Tighten the Chin Strap
This is the most common adjustment riders need to make their helmets fit better. You can make an otherwise loose helmet fit snugly if you fasten the chin strap accurately.
Make sure the buckle is clasped firmly and that the strap isn’t twisted in the buckle. The buckle itself should rest just to the side of the chin on the jawline. This will give you easy access without preventing the strap from adequately gripping the chin.
Once buckled and tightened, the strap should firmly press against the skin but not so much that it pushes into your throat. If you’re choking yourself and the helmet is still loose, you need a smaller size.
Adjust the Inner Lining
Many helmets these days have either fully removable inner linings or removable parts like cheek and crown pads. Depending on how they attach, they can come out of place. If your helmet starts feeling awkward, try taking the pads out and putting them back in correctly.
Reposition the Helmet
Your helmet might not fit right simply because you’re putting it on wrong. Make sure you’re positioning it correctly before deciding you need a bigger size.

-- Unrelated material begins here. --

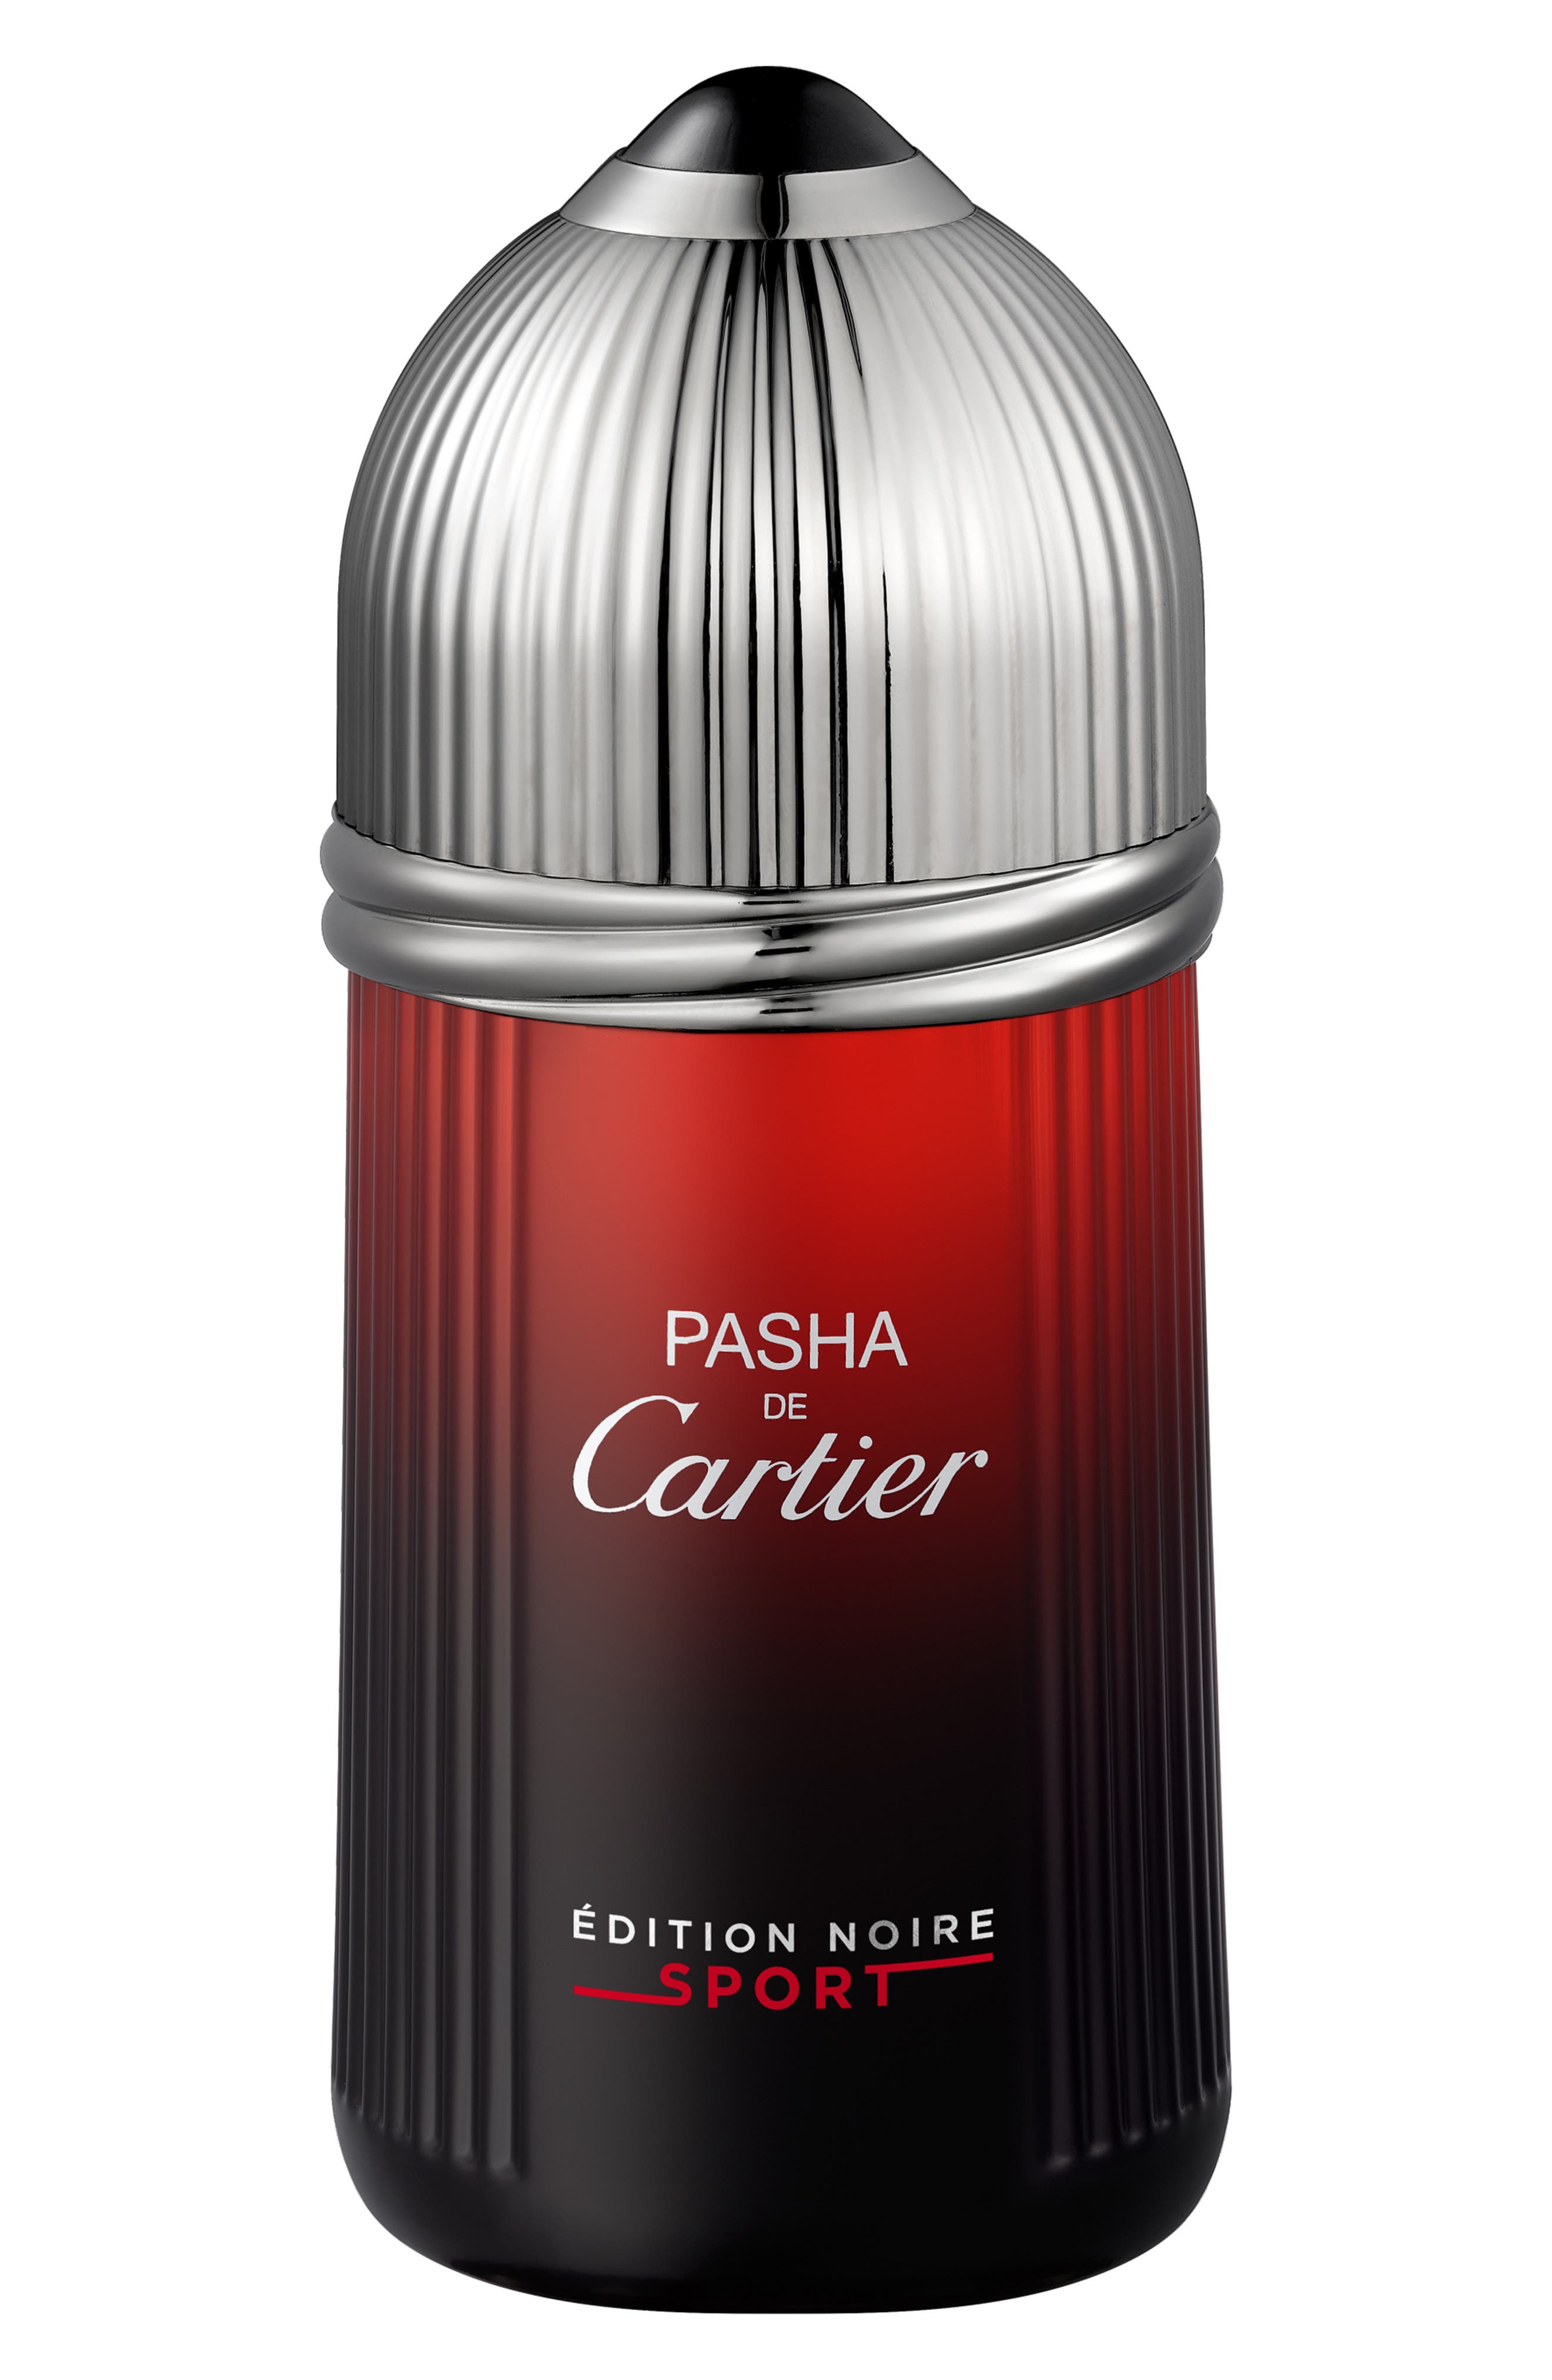 Cartier Pasha Edition Noire Sport Eau de Toilette at Nordstrom, Size 3.3 Oz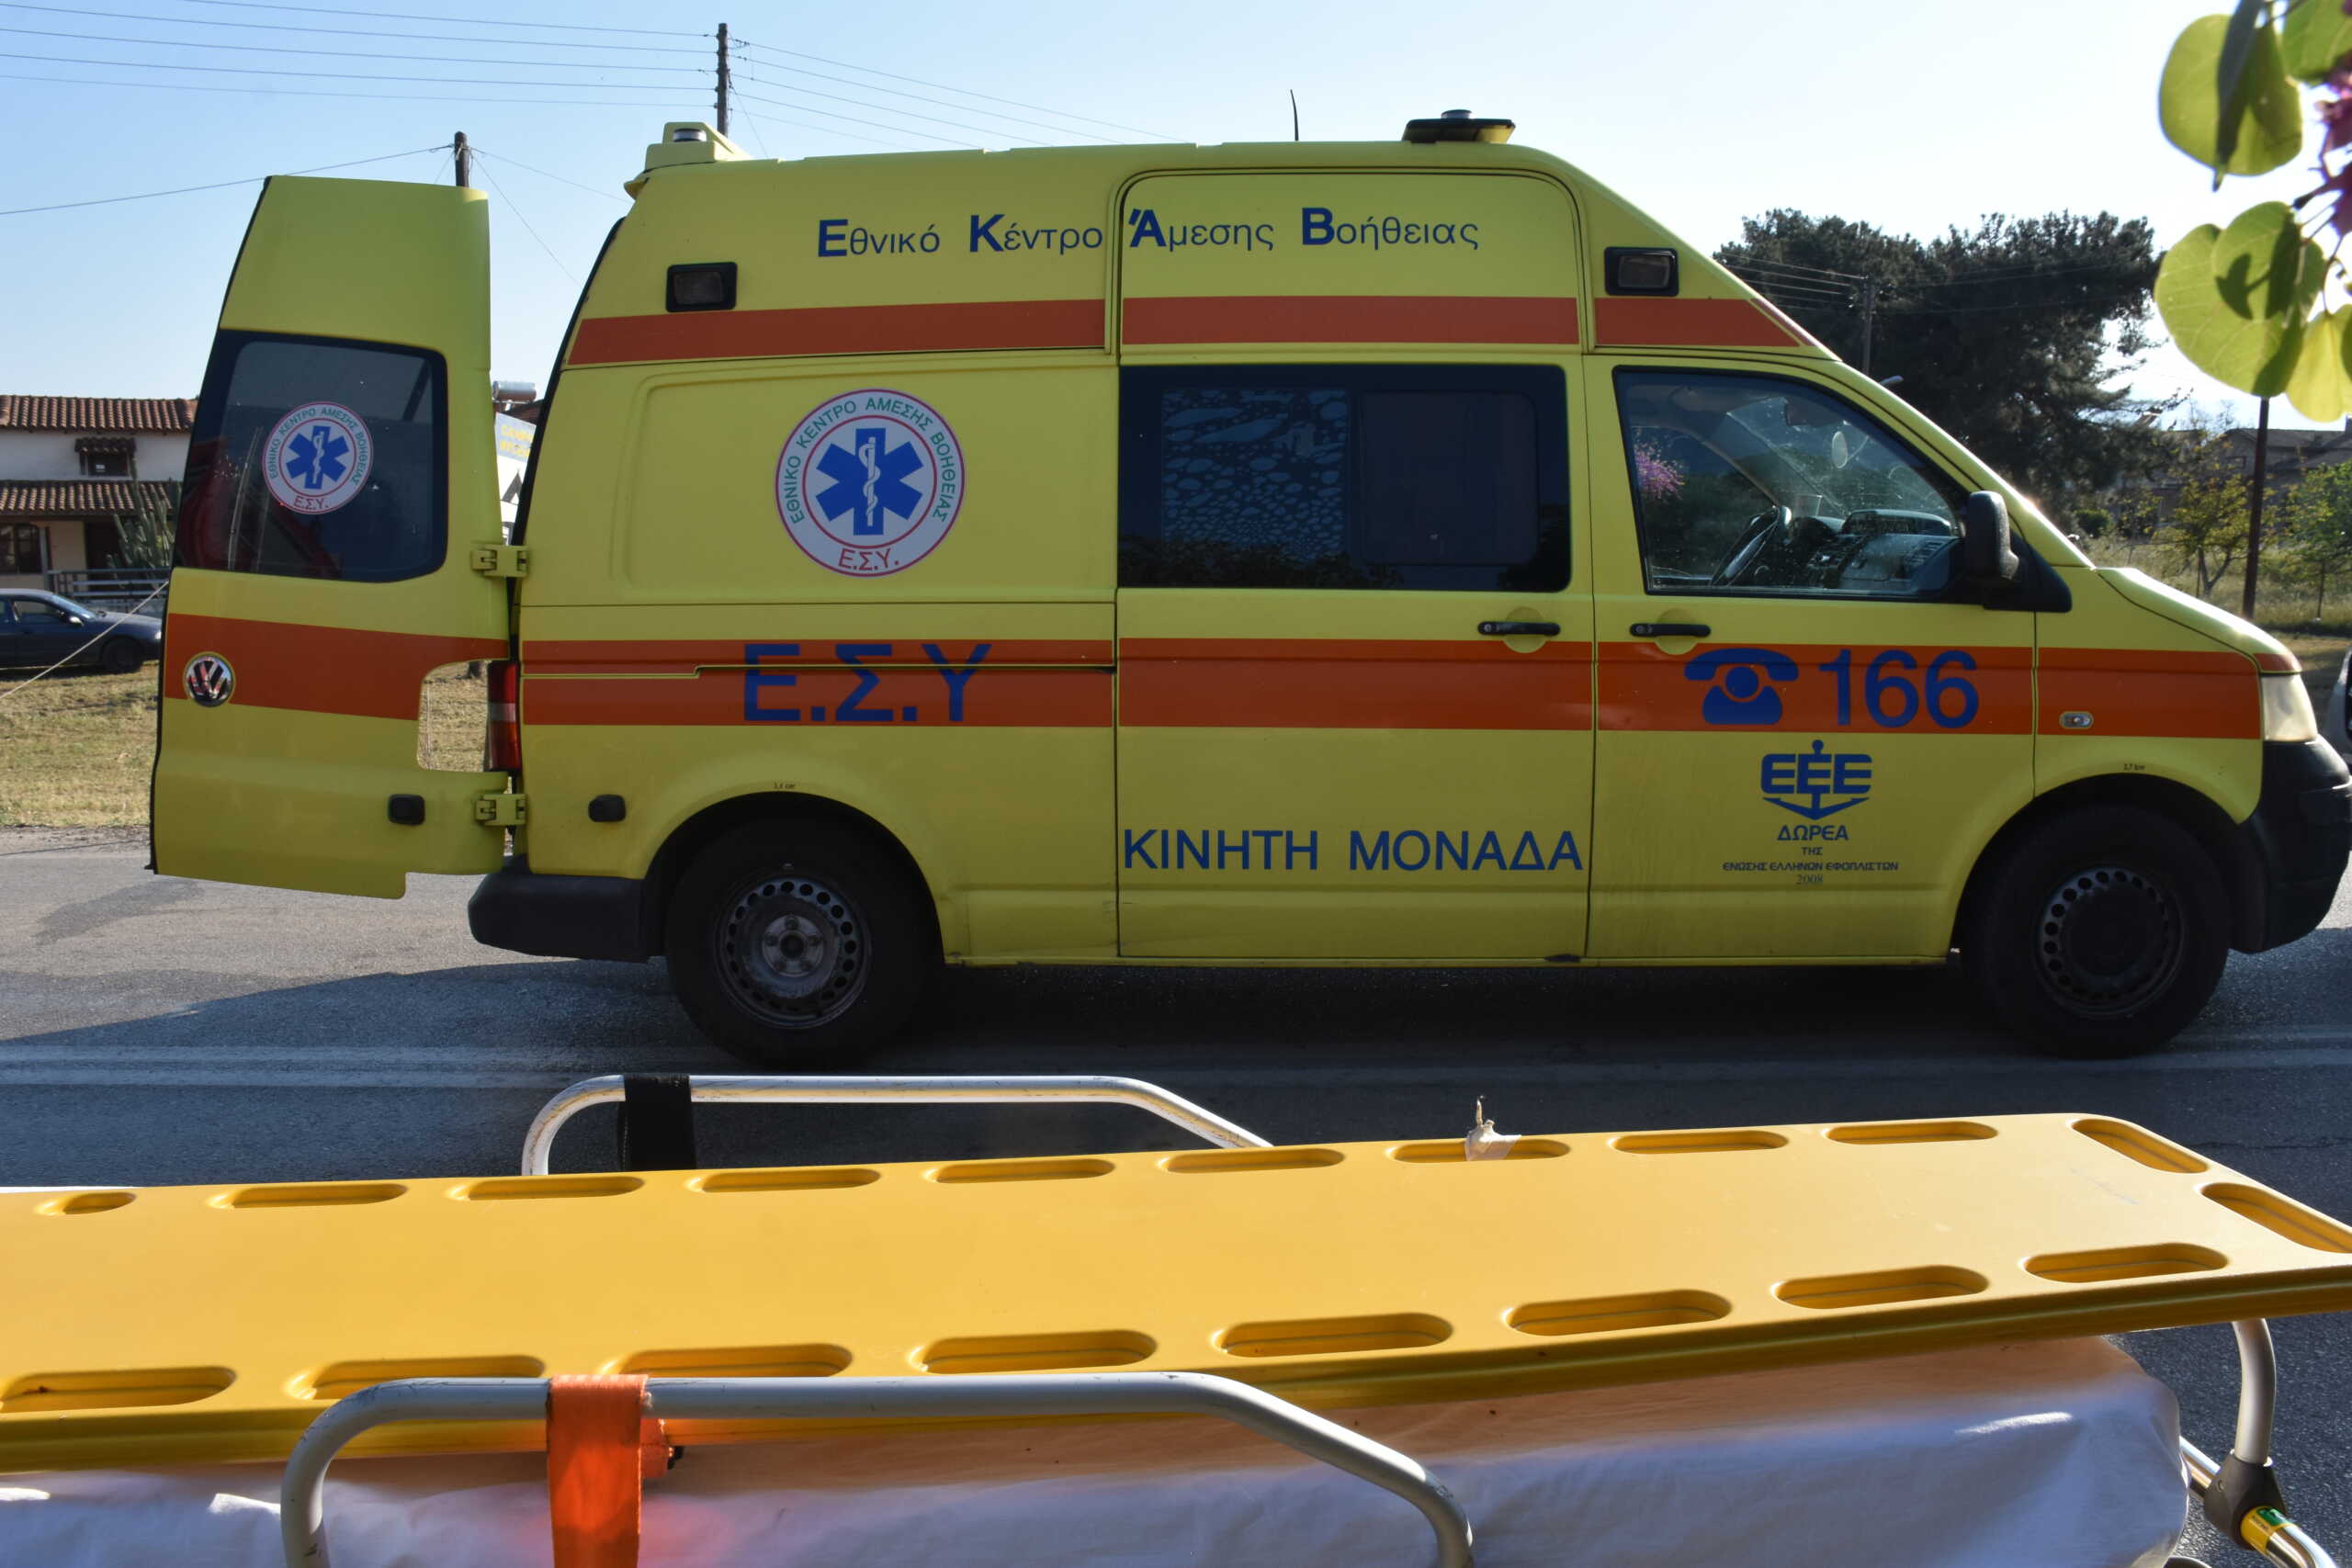 Ελευσίνα: Ένας νεκρός και ένας σοβαρά τραυματίας στο τροχαίο που έγινε τα ξημερώματα

The top should rest firmly against your forehead so that your brow stabilizes it. This means about a finger’s width or so above your eyebrows. If it slips down from that position, it’s too big. If you can’t even get it into that position, it’s probably too small.
The cheek pads should press up against your cheekbones so that the helmet feels stable and firmly in place without hurting.
Lastly, no part of your helmet should block your vision. Your eyes should be entirely within the face shield so you can move your eyes around and still see.
If the helmet slips so that it begins to cover your eyes or slides into your field of vision when you turn your head, you need a different size.
By making proper adjustments and getting the appropriate size and shape, you can make your helmet fit just right. Not only will it be more comfortable, but safer too.